§ **TASK ITEM**
Restate the data below word for word, and let no image into your version.

§ **DATASET CONTENT**
=== Begin Enclosure ===
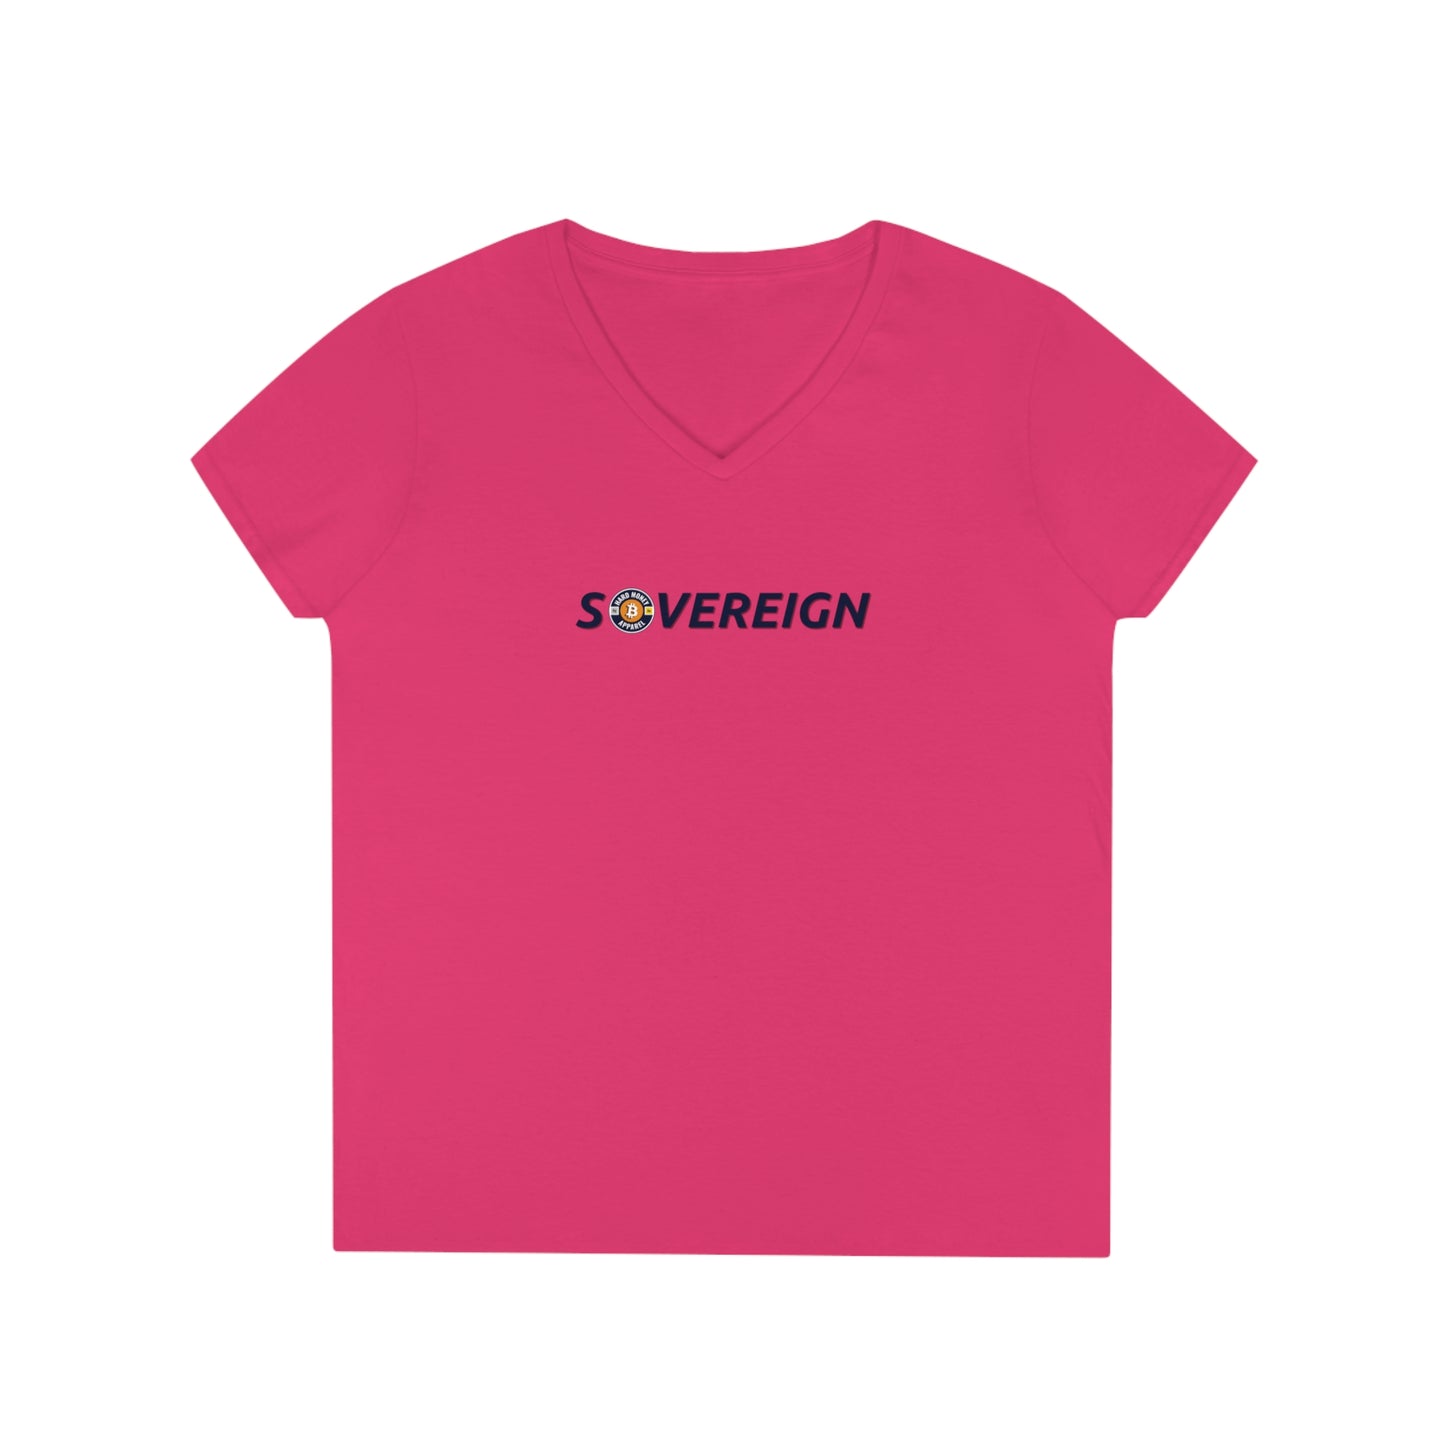 Sovereign - Ladies' V-Neck T-Shirt
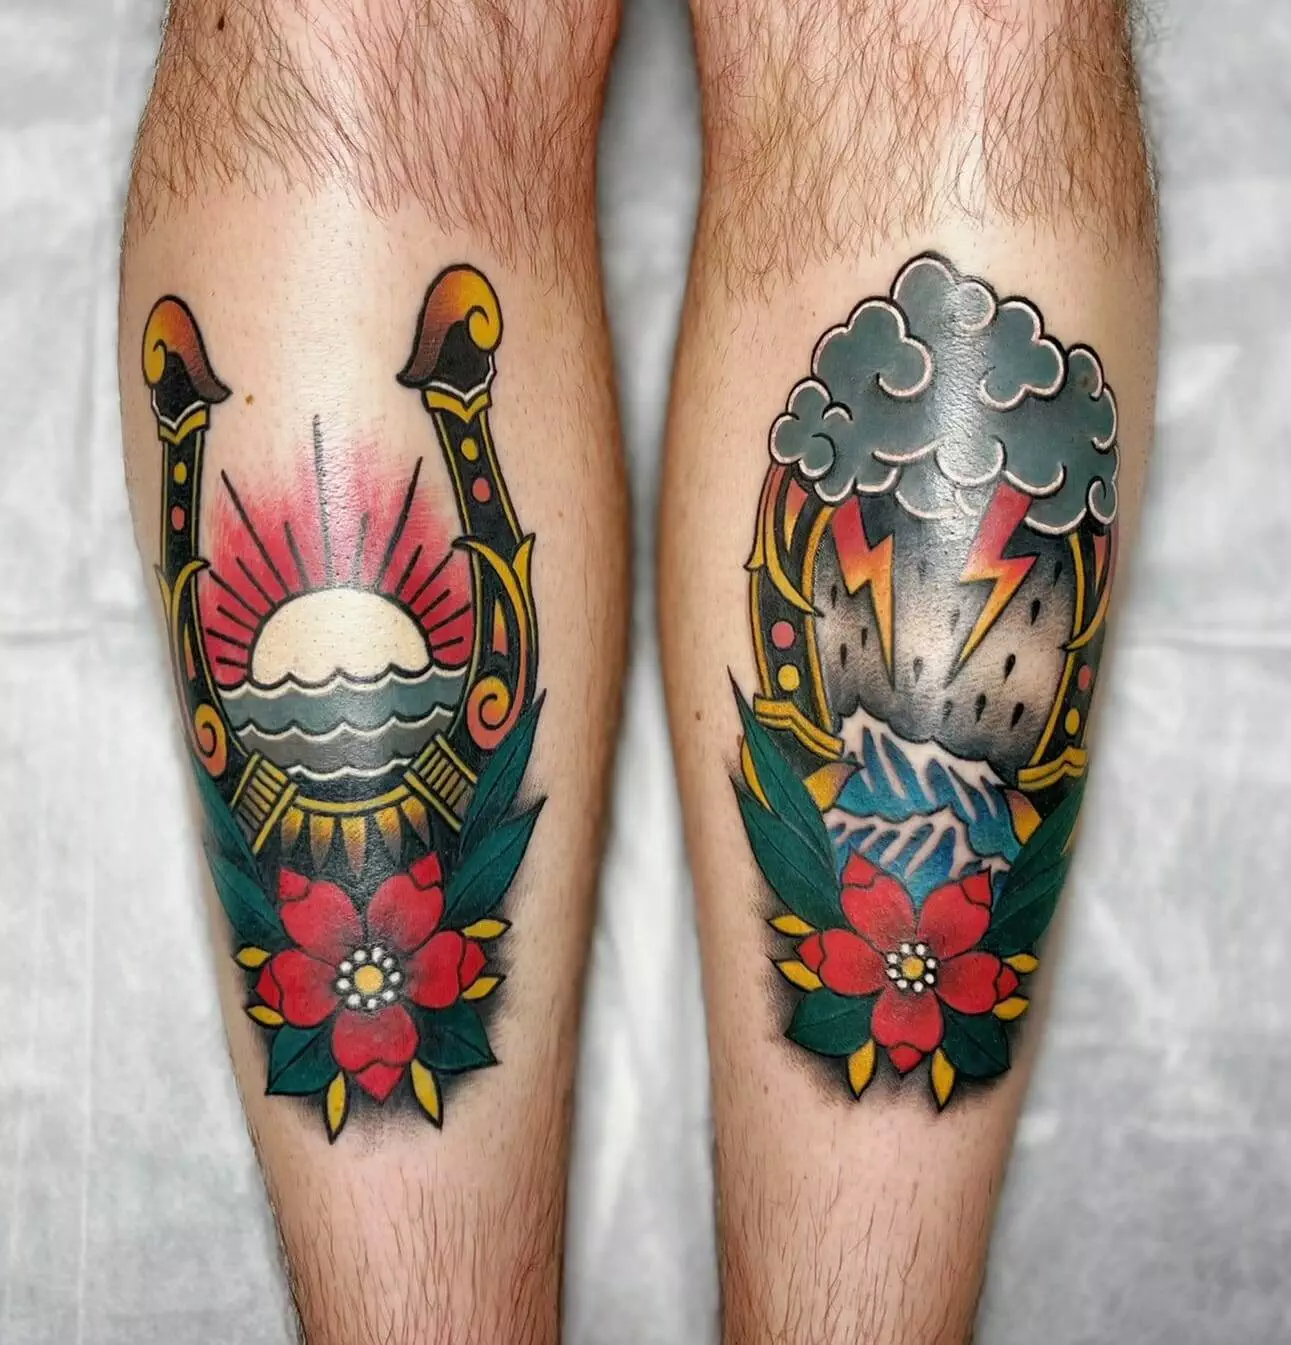 Tattooed legs.
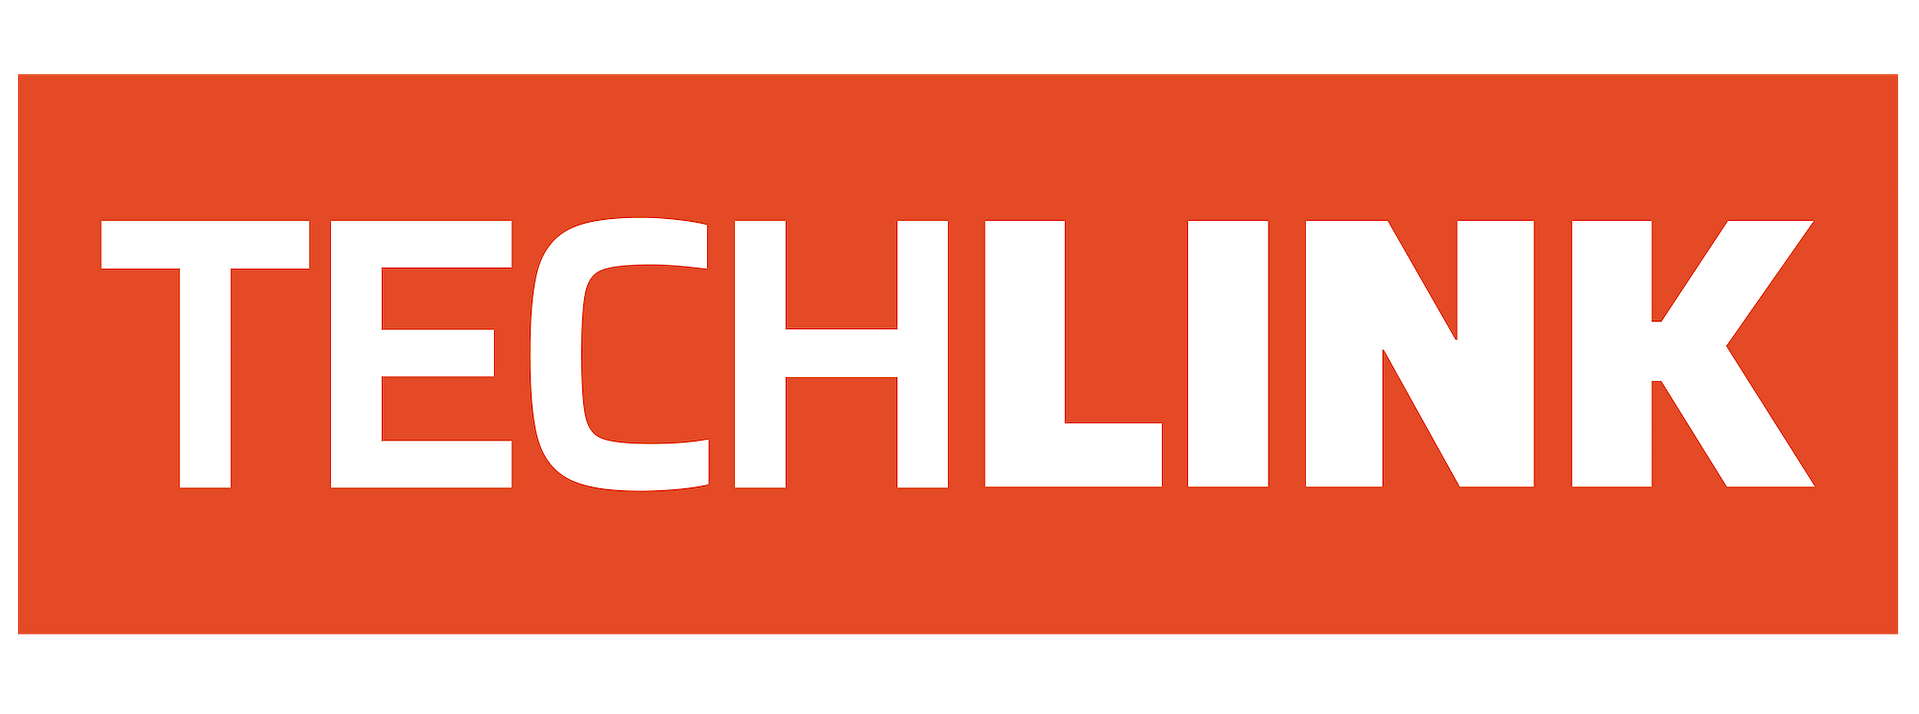 techlink logo full colour
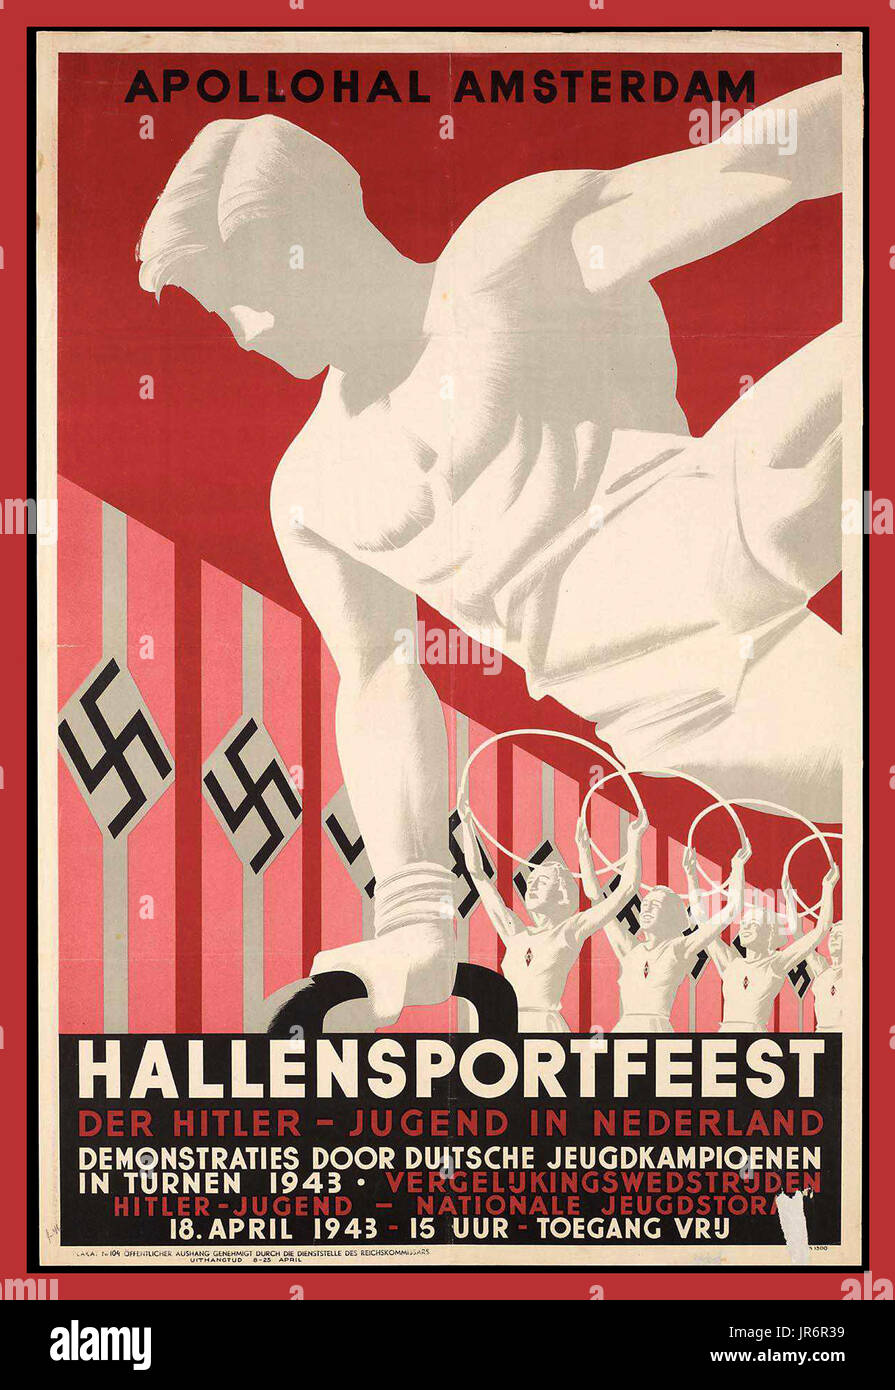 Vintage WW2 Cartel de propaganda nazi 1943 Hallensportfeest. La Juventud Hitler Hitlerjugend Hitler Jugend en los Países Bajos. Cartel de la Alemania nazi. Tarjeta postal del cartel de propaganda del Tercer Reich de la Guerra Mundial 2 Foto de stock
=== End Enclosure ===
§ **ANSWER SECTION**
 Sovereign - Ladies' V-Neck T-Shirt
 Tattooed legs.
 techlink logo full colour
 Vintage WW2 Cartel de propaganda nazi 1943 Hallensportfeest. La Juventud Hitler Hitlerjugend Hitler Jugend en los Países Bajos. Cartel de la Alemania nazi. Tarjeta postal del cartel de propaganda del Tercer Reich de la Guerra Mundial 2 Foto de stock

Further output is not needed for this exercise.